Retrocesso político 02/12/2006
- O Estado de S.Paulo
Os brasileiros sérios poderão festejar e dar graças aos céus, se dentro de poucos anos a Sudene e a Sudam, recriadas pelo Congresso, não estiverem convertidas em cabides de emprego e de novo envolvidas em escândalos com dinheiro público. A ressurreição das duas entidades, aprovada pela Câmara dos Deputados na terça e na quarta-feira, é um retrocesso político. O Brasil não precisa de nenhuma das velhas superintendências para promover o crescimento econômico regional nem para elevar o padrão de vida nas áreas de menor desenvolvimento relativo.
Extintas em 2001, nenhuma delas fez falta nos últimos cinco anos.
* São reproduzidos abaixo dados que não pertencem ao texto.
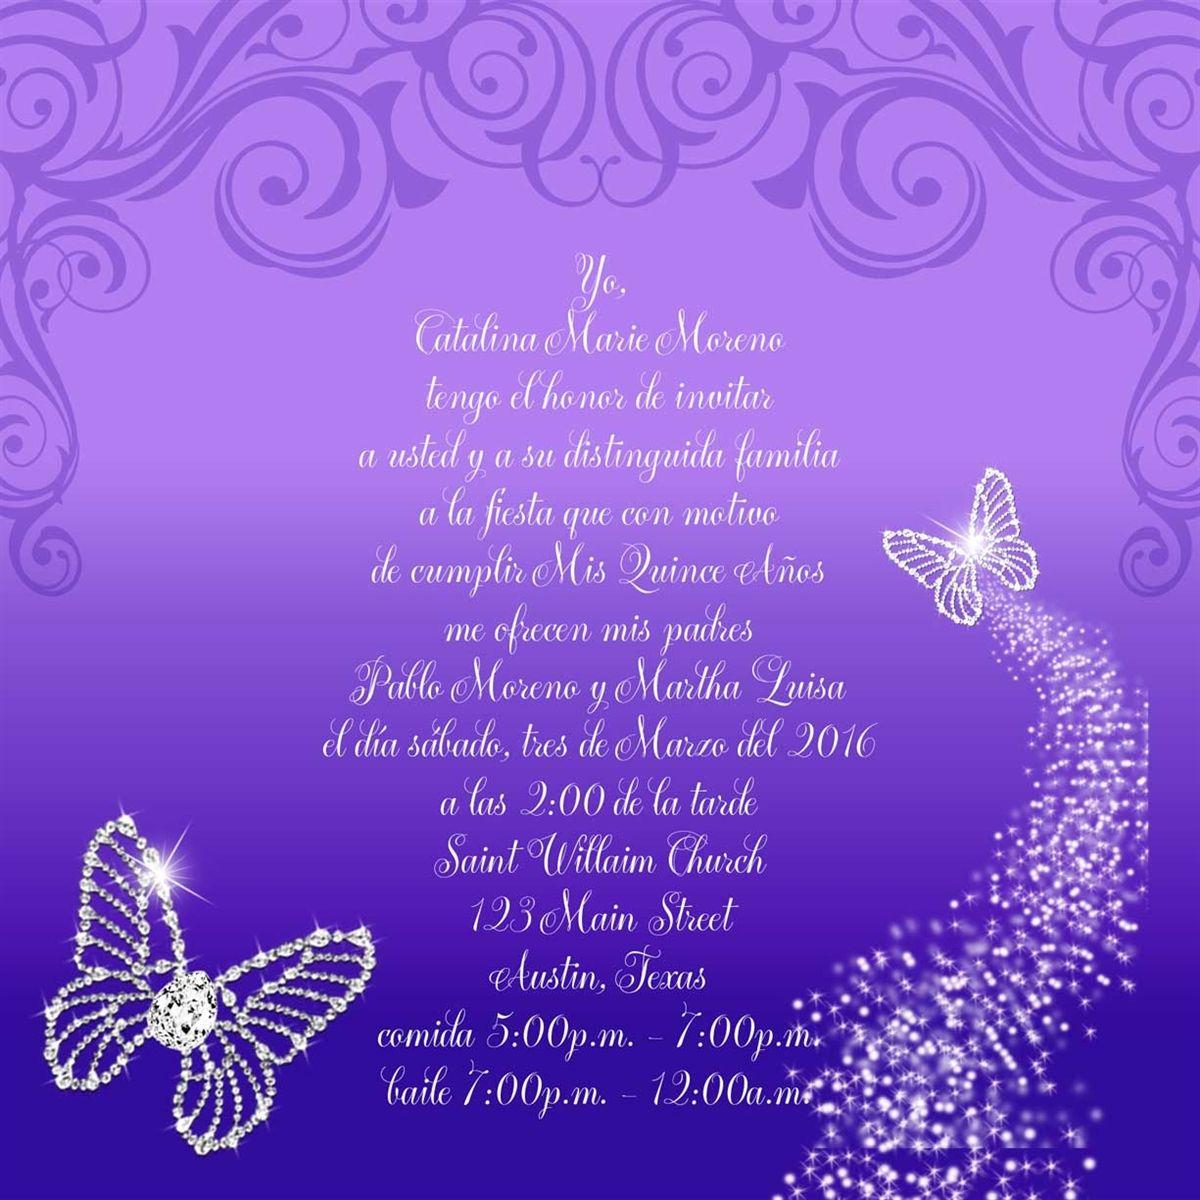 Bling butterflies quince invitation quinceanera invitations and bling butterflies quince invitation stopboris Choice Image

Podem ter tido alguma utilidade, há décadas, mas em pouco tempo foram postas a serviço de interesses de grupos e perderam qualquer valor estratégico para o Brasil.
Não há por que imaginá-las num papel diferente, nos próximos anos, especialmente depois da experiência do governo petista, quando as entidades da administração indireta foram submetidas, sem disfarce, à política do companheirismo e da barganha.
PUBLICIDADE
Se o aparelhamento e o empreguismo não grassaram de modo mais amplo, foi principalmente porque as privatizações haviam reduzido o campo de ação do fisiologismo e das nomeações políticas.
Além disso, uns poucos ministros foram capazes de resistir às indicações ditadas pelo critério do companheirismo. Mas não ficaram livres dessa praga as agências reguladoras, concebidas originalmente como órgãos técnicos de Estado e não de governo.
Se não se fez mais pelo desenvolvimento regional e pela redução das desigualdades, nos últimos anos, não foi por falta da Sudene, da Sudam e da Sudeco, mas pelas limitações do próprio governo federal.
As ações transformadoras foram empreendidas em parte pelos governos estaduais, com recurso freqüente à guerra fiscal para atração de investimentos privados. A União executou alguns programas assistenciais, voltados principalmente para atenuar a pobreza, mas pouco investiu em obras de infra-estrutura. O pouco dinheiro disponível no Orçamento federal foi em parte desperdiçado com programas paroquiais, em geral sem relação com planos dignos desse nome.
O Ministério da Integração Regional divulgou em agosto de 2005 um documento intitulado Política Nacional de Desenvolvimento Regional. O trabalho, com 58 páginas de texto e de mapas, é apresentado como contribuição “modesta” ao esforço de superação das desigualdades entre regiões.
O resultado é de fato modesto, mas o trabalho é realista pelo menos num ponto: a política de desenvolvimento regional, segundo o texto, tem de ser nacional, cabendo ao governo federal, com envolvimento de vários Ministérios, um papel estratégico em sua concepção e implementação. “Mesmo a ativação dos potenciais de desenvolvimento das regiões e a exploração das diversidades devem se fazer desde a União, tendo por referência o quadro objetivo das desigualdades, sob pena de obtenção de resultados contraditórios aos almejados”, segundo o documento.
Na parte substantiva, esse documento não vai além de um exame muito amplo de como têm evoluído as características econômicas e sociais, de regiões e sub-regiões, sem chegar a uma formulação de ações específicas.
Versões preliminares de planos mais detalhados para o Nordeste, a Amazônia e o Centro-Oeste foram apresentadas neste ano, para discussão, mas não há notícia de nenhum debate sério sobre as propostas. As eleições, dirão alguns, desviaram as atenções e por isso não se deu atenção a esses documentos. Cada um é livre para acreditar ou não nessa desculpa.
Não faltou tempo aos políticos para cuidar da recriação da Sudene e da Sudam, que oferecem muito mais atrativos que o penoso trabalho de examinar e debater publicamente centenas de páginas de propostas técnicas.
Não há razão para supor que as agências criadas para substituir a Sudene, a Sudam e a Sudeco sejam insuficientes para coordenar as ações de desenvolvimento regional. Mas é fácil imaginar fortes motivos para que políticos desejem a ressurreição daquelas superintendências, uma promessa de campanha do candidato Luiz Inácio Lula da Silva.